This guide will help you make your first API call in under 5 minutes.

Prerequisites

An Assisters account (sign up free)
An API key from your dashboard
Python 3.8+ or Node.js 18+ installed

Step 1: Get Your API Key

  1. Log in to your Assisters Dashboard
  2. Navigate to API Keys
  3. Click Create New Key
  4. Copy your key (it starts with ask_)
Keep your API key secure! Never expose it in client-side code or commit it to version control.

Step 2: Install the SDK

Since Assisters API is OpenAI-compatible, you can use the official OpenAI SDK:
pip install openai

Step 3: Make Your First Request

from openai import OpenAI

# Initialize the client with Assisters API
client = OpenAI(
    api_key="ask_your_api_key_here",
    base_url="https://api.assisters.dev/v1"
)

# Create a chat completion
response = client.chat.completions.create(
    model="llama-3.1-8b",
    messages=[
        {"role": "system", "content": "You are a helpful assistant."},
        {"role": "user", "content": "What is the capital of France?"}
    ]
)

print(response.choices[0].message.content)
# Output: The capital of France is Paris.

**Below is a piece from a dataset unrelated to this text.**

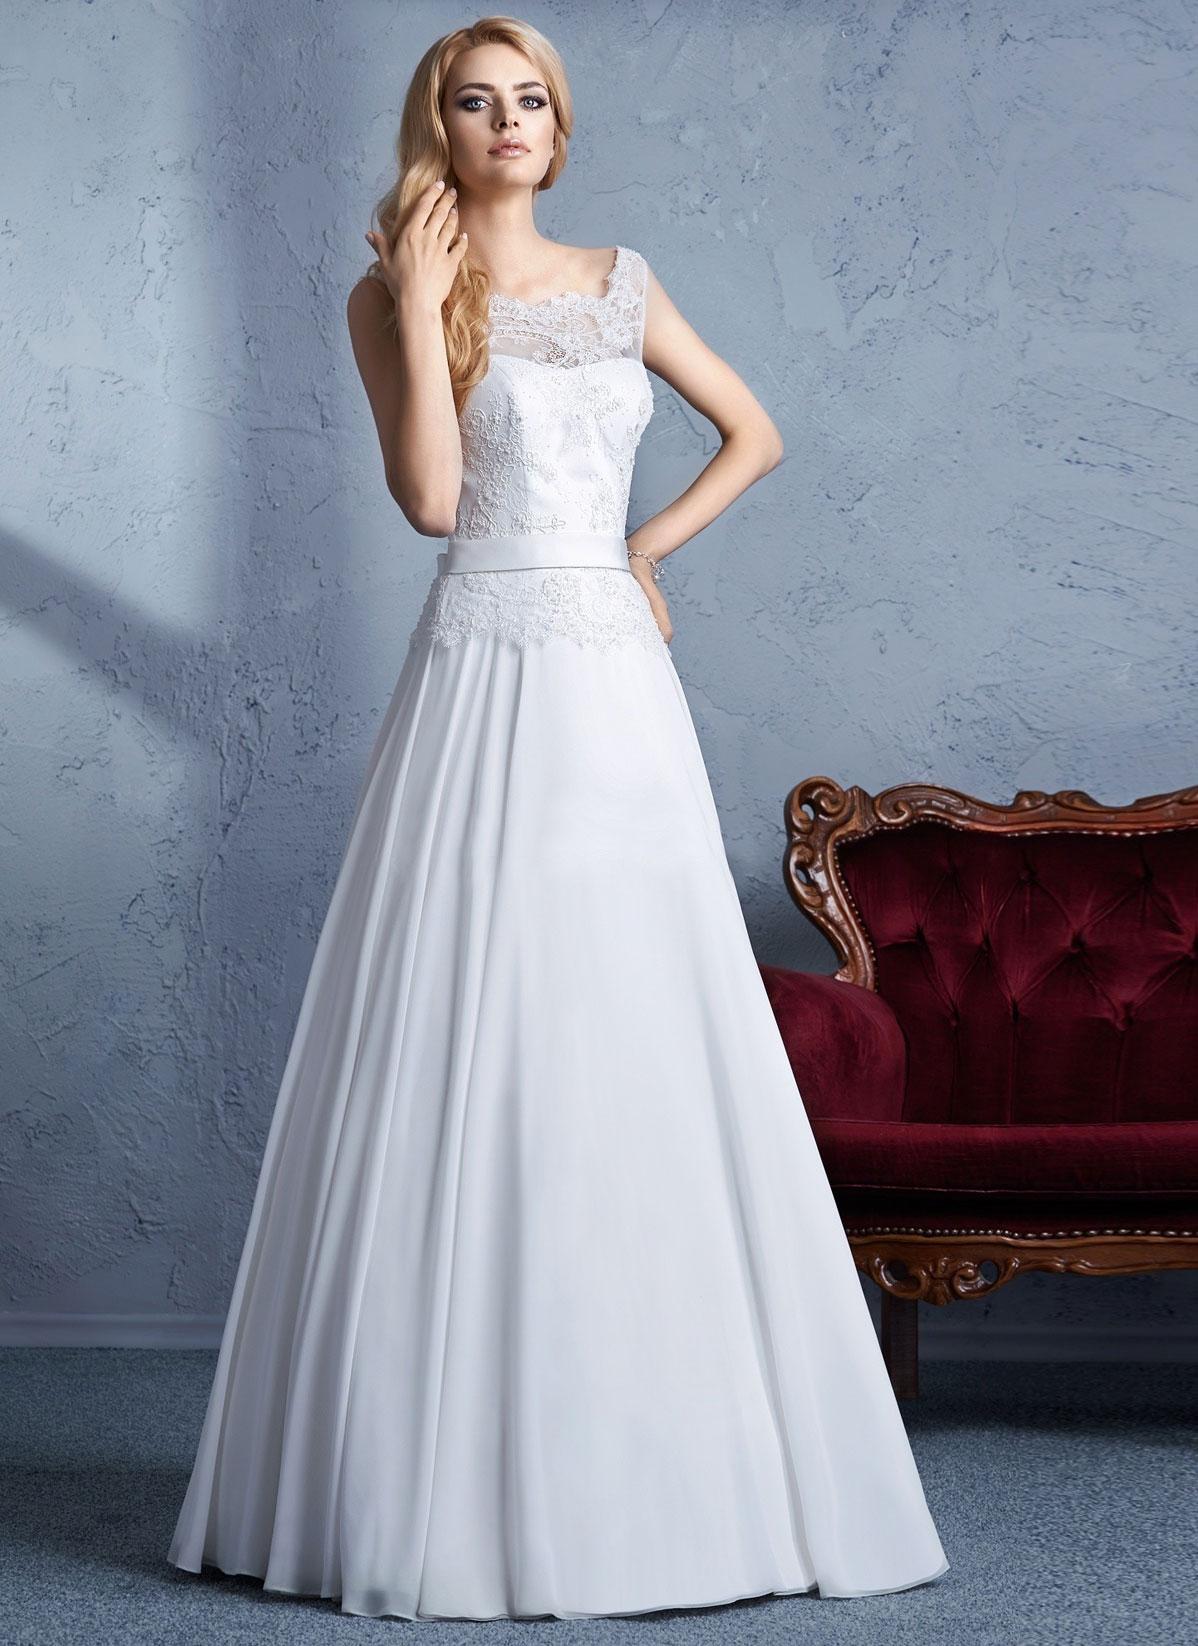 Herm&#8217;s Bridal <br> Monna

Step 4: Use Streaming (Optional)

For real-time responses, enable streaming:
from openai import OpenAI

client = OpenAI(
    api_key="ask_your_api_key_here",
    base_url="https://api.assisters.dev/v1"
)

# Stream the response
stream = client.chat.completions.create(
    model="llama-3.1-8b",
    messages=[
        {"role": "user", "content": "Write a haiku about coding"}
    ],
    stream=True
)

for chunk in stream:
    if chunk.choices[0].delta.content:
        print(chunk.choices[0].delta.content, end="")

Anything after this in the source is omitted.